The catch block changes the title, shows the error message, and displays a clear empty-state instruction.

Tips

  • Fail in the UI, not the console only.
  • Name the likely fix.
  • Keep the page usable after failure.
  • Test bad exam values.
  • Do not hide fetch errors.

Evidence from the demo

The catch block changes the title, shows the error message, and displays a clear empty-state instruction. This is the part a reviewer can check directly. The field note should stay connected to that evidence instead of drifting into generic advice about vibe coding.

Review check

For error states, confirm three things: the background describes a real project pressure, the goal names the intended behavior, and the result points to something visible in the files or browser. If one of those three pieces is missing, rewrite the note before publishing.


Field Note 8: data contract reuse

Background

The same renderer supports Data, ML, Networking, Cloud Operations, FSI, Generative AI, and AI Development practice sets.

Goal

Protect reuse by keeping every bank aligned to the same fields.

Prompt

Follow aws_certified_data_exam_questions.json as template.

Result

New banks became content additions rather than code additions.

Tips

  • Use a golden sample.
  • Check answer and explanations fields.
  • Keep chapter arrays consistent.
  • Avoid per-exam UI branches.
  • Count questions after import.

Evidence from the demo

New banks became content additions rather than code additions. This is the part a reviewer can check directly. The field note should stay connected to that evidence instead of drifting into generic advice about vibe coding.

Review check

For data contract reuse, confirm three things: the background describes a real project pressure, the goal names the intended behavior, and the result points to something visible in the files or browser.
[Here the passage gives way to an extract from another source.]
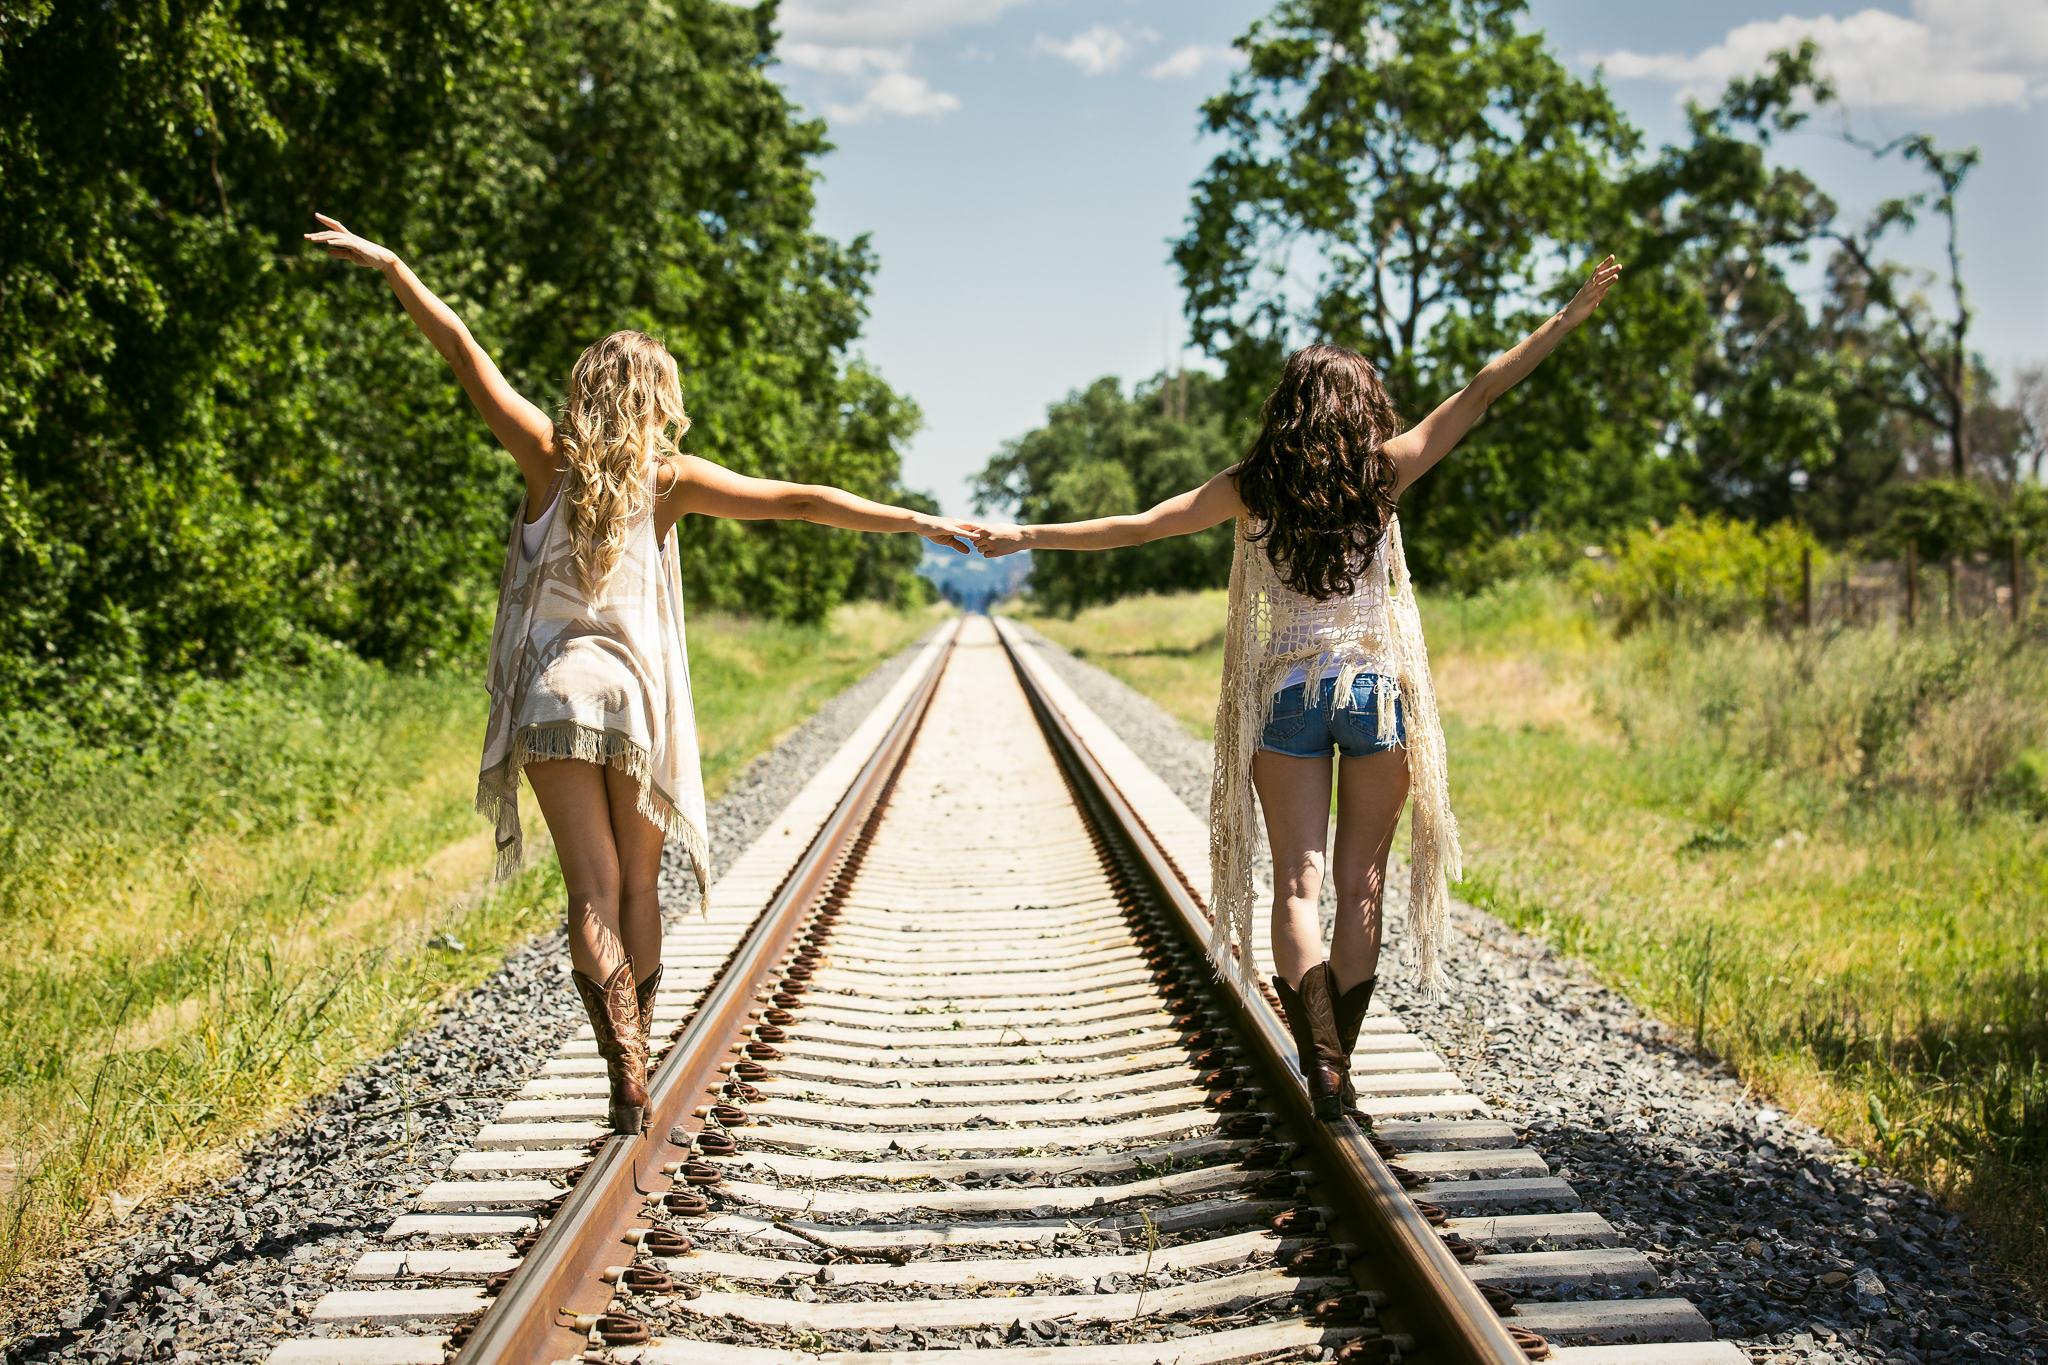 20160501 Carol and Fannie - Santa Rosa-6070-Edit-3.jpg

If one of those three pieces is missing, rewrite the note before publishing.


Field Note 9: result reset

Background

If a learner moves to a new question after submitting, stale feedback can confuse the next answer.

Goal

Clear result state whenever navigation changes.

Prompt

Next should go to next question and show the new question cleanly.

Result

The player hides and clears the result box when moving between questions.

Tips

  • Reset on next.
  • Reset on question-button click.
  • Keep answers unselected after render.
  • Avoid carrying old correctness text.
  • Make state transitions obvious.

Evidence from the demo

The player hides and clears the result box when moving between questions. This is the part a reviewer can check directly. The field note should stay connected to that evidence instead of drifting into generic advice about vibe coding.

Review check

For result reset, confirm three things: the background describes a real project pressure, the goal names the intended behavior, and the result points to something visible in the files or browser. If one of those three pieces is missing, rewrite the note before publishing.
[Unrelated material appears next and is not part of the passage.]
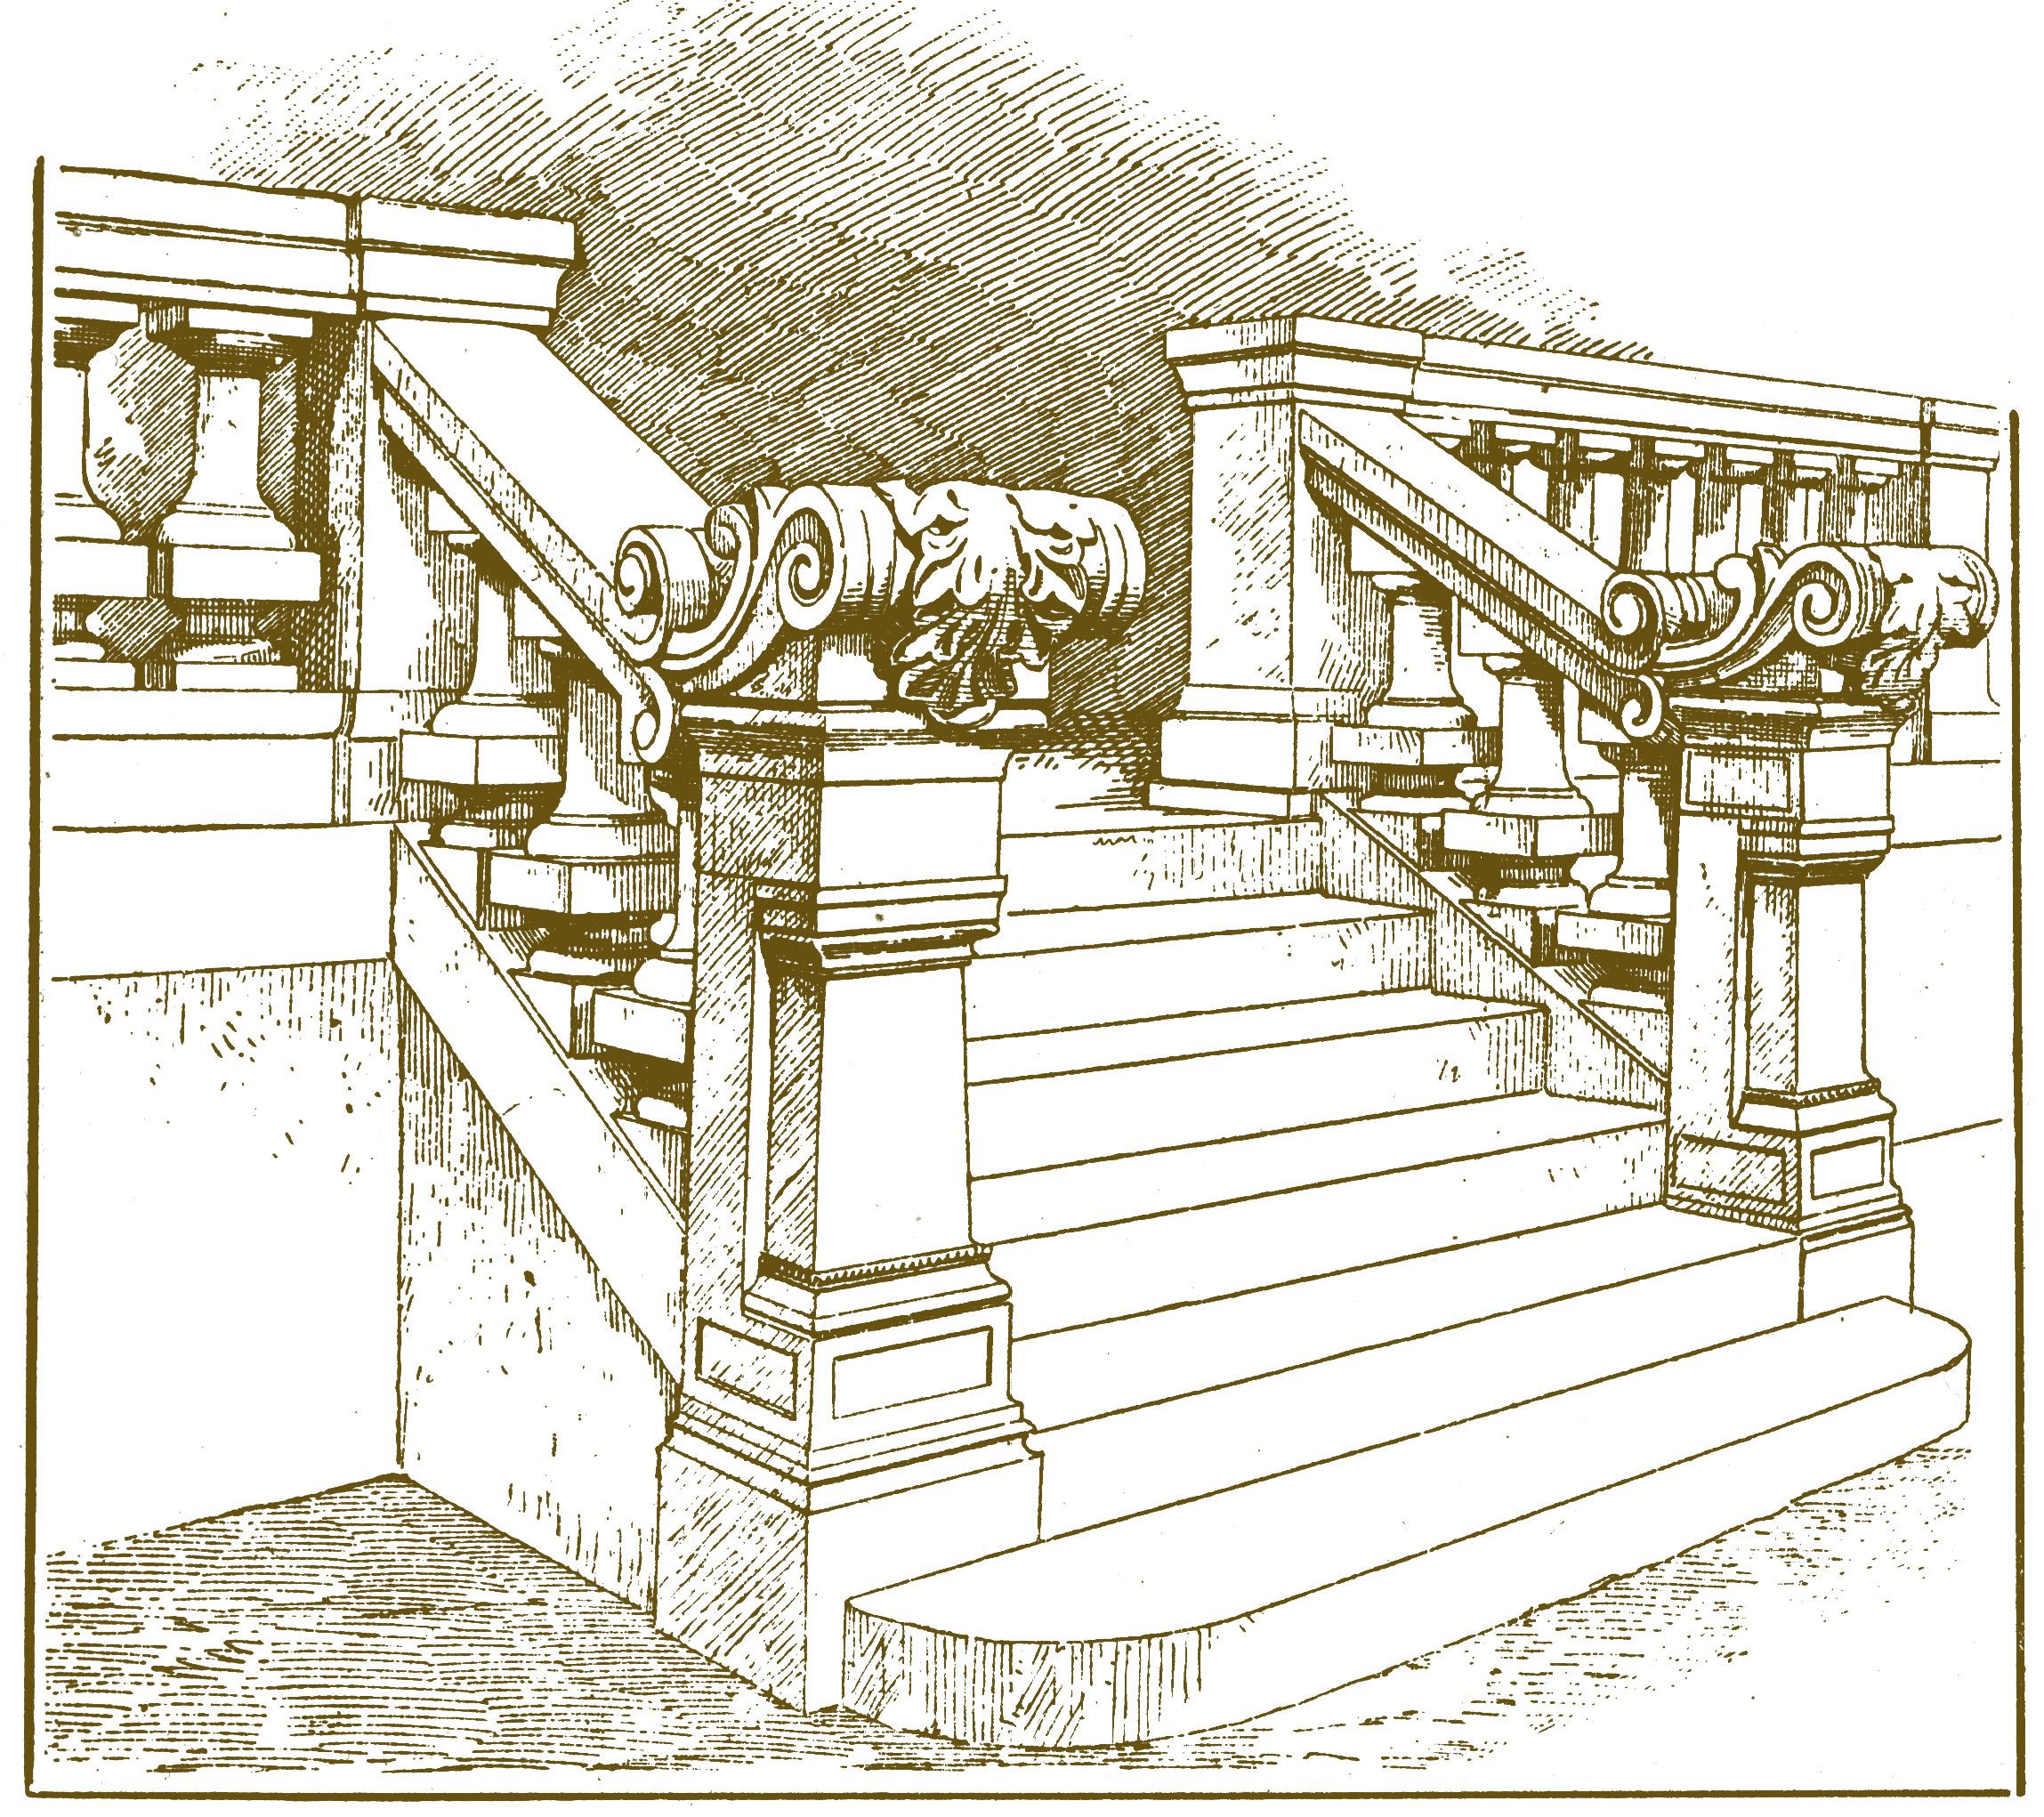 рисунок архитектурные элементы

Field Note 10: next behavior

Background

A practice room needs a fast path through questions without forcing users back to the list.

Goal

Advance within a chapter, then move to the first question of the next chapter.

Prompt

Next: go to next question.

Result

The goNext function increments the question index or advances chapter index when the current chapter ends.

Tips

  • Disable next on the final question.
  • Update the query string.
  • Reset feedback.
  • Render after state changes.
  • Test chapter boundaries.

Evidence from the demo

The goNext function increments the question index or advances chapter index when the current chapter ends. This is the part a reviewer can check directly. The field note should stay connected to that evidence instead of drifting into generic advice about vibe coding.

Review check

For next behavior, confirm three things: the background describes a real project pressure, the goal names the intended behavior, and the result points to something visible in the files or browser. If one of those three pieces is missing, rewrite the note before publishing.
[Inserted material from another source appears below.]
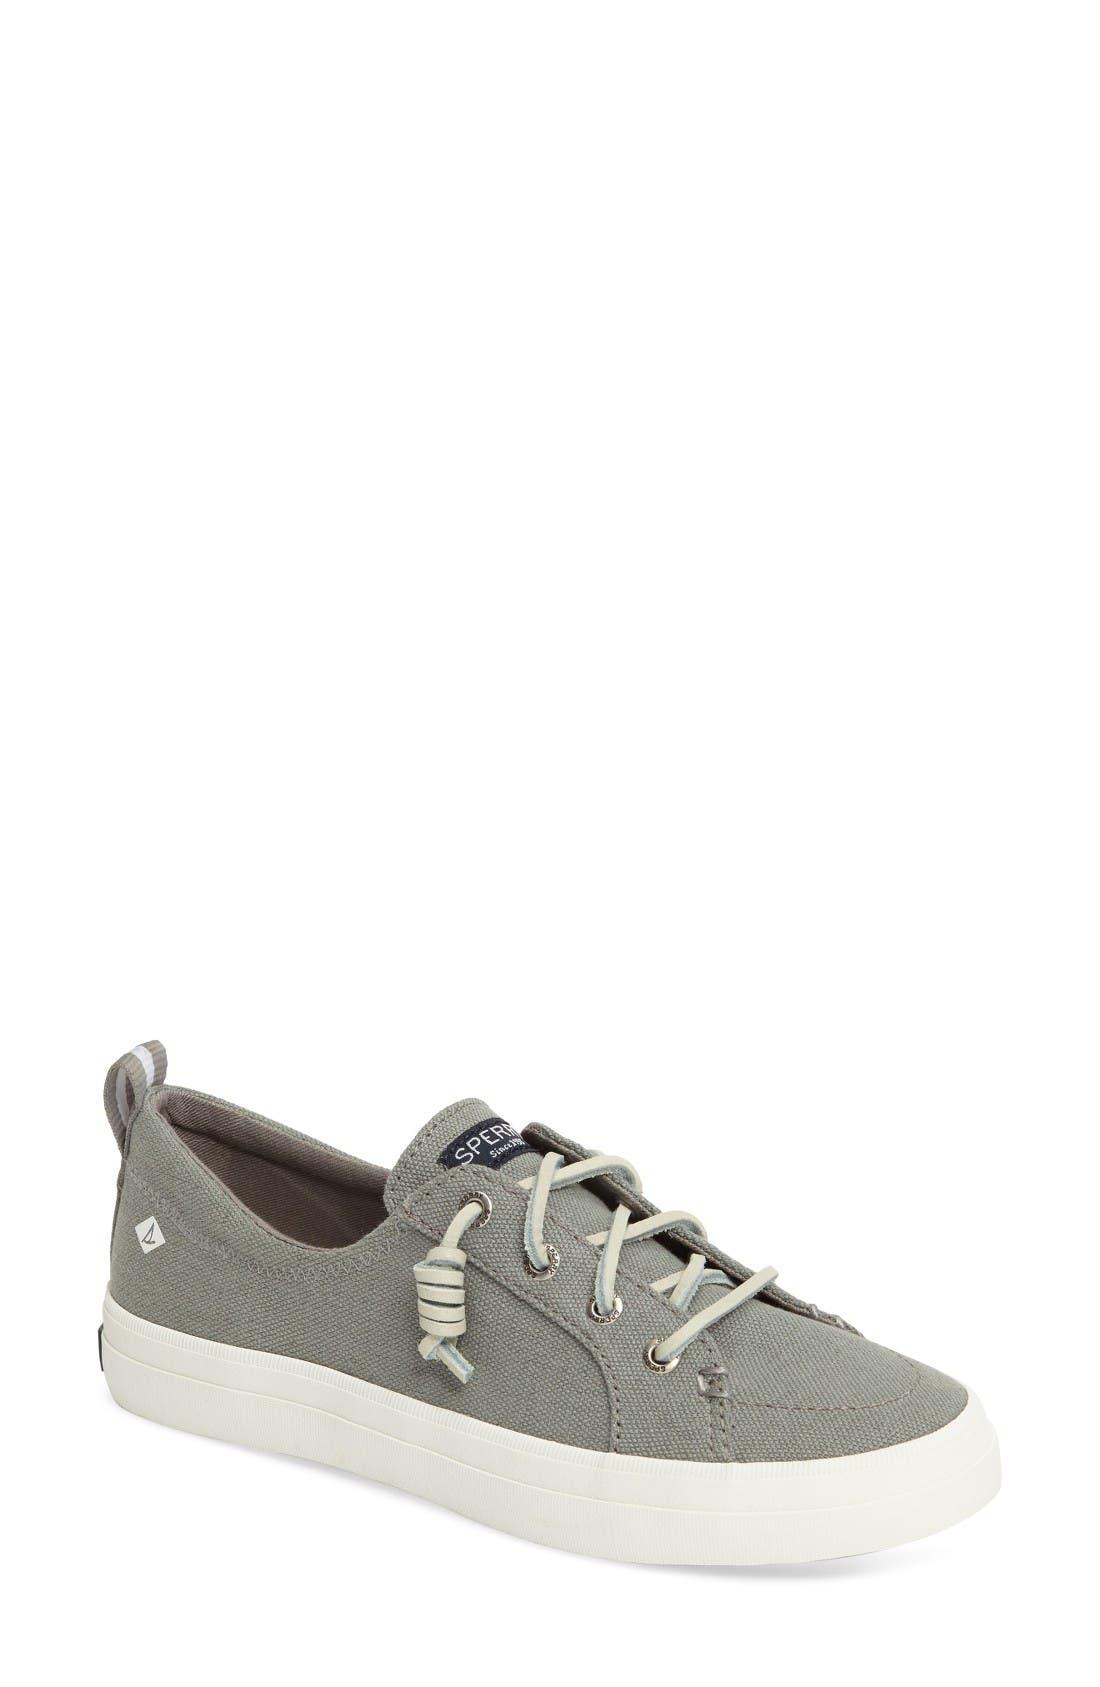 Crest Vibe Sneaker,                             Main thumbnail 1, color,                             Grey Canvas

Field Note 11: desktop layout

Background

The desktop prompt separated navigation from answering: left for questions, right for the active item.

Goal

Use screen width to reduce cognitive switching for desktop learners.

Prompt

Desktop page layout: left list of questions button area; right question and answer select area.

Result

The page grid gives a stable sidebar and a larger content panel.

Tips

  • Make the sidebar scrollable.
  • Keep content panel focused.
  • Avoid modal navigation.
  • Use predictable columns.
  • Increase desktop text size.

Evidence from the demo

The page grid gives a stable sidebar and a larger content panel. This is the part a reviewer can check directly. The field note should stay connected to that evidence instead of drifting into generic advice about vibe coding.

Review check

For desktop layout, confirm three things: the background describes a real project pressure, the goal names the intended behavior, and the result points to something visible in the files or browser. If one of those three pieces is missing, rewrite the note before publishing.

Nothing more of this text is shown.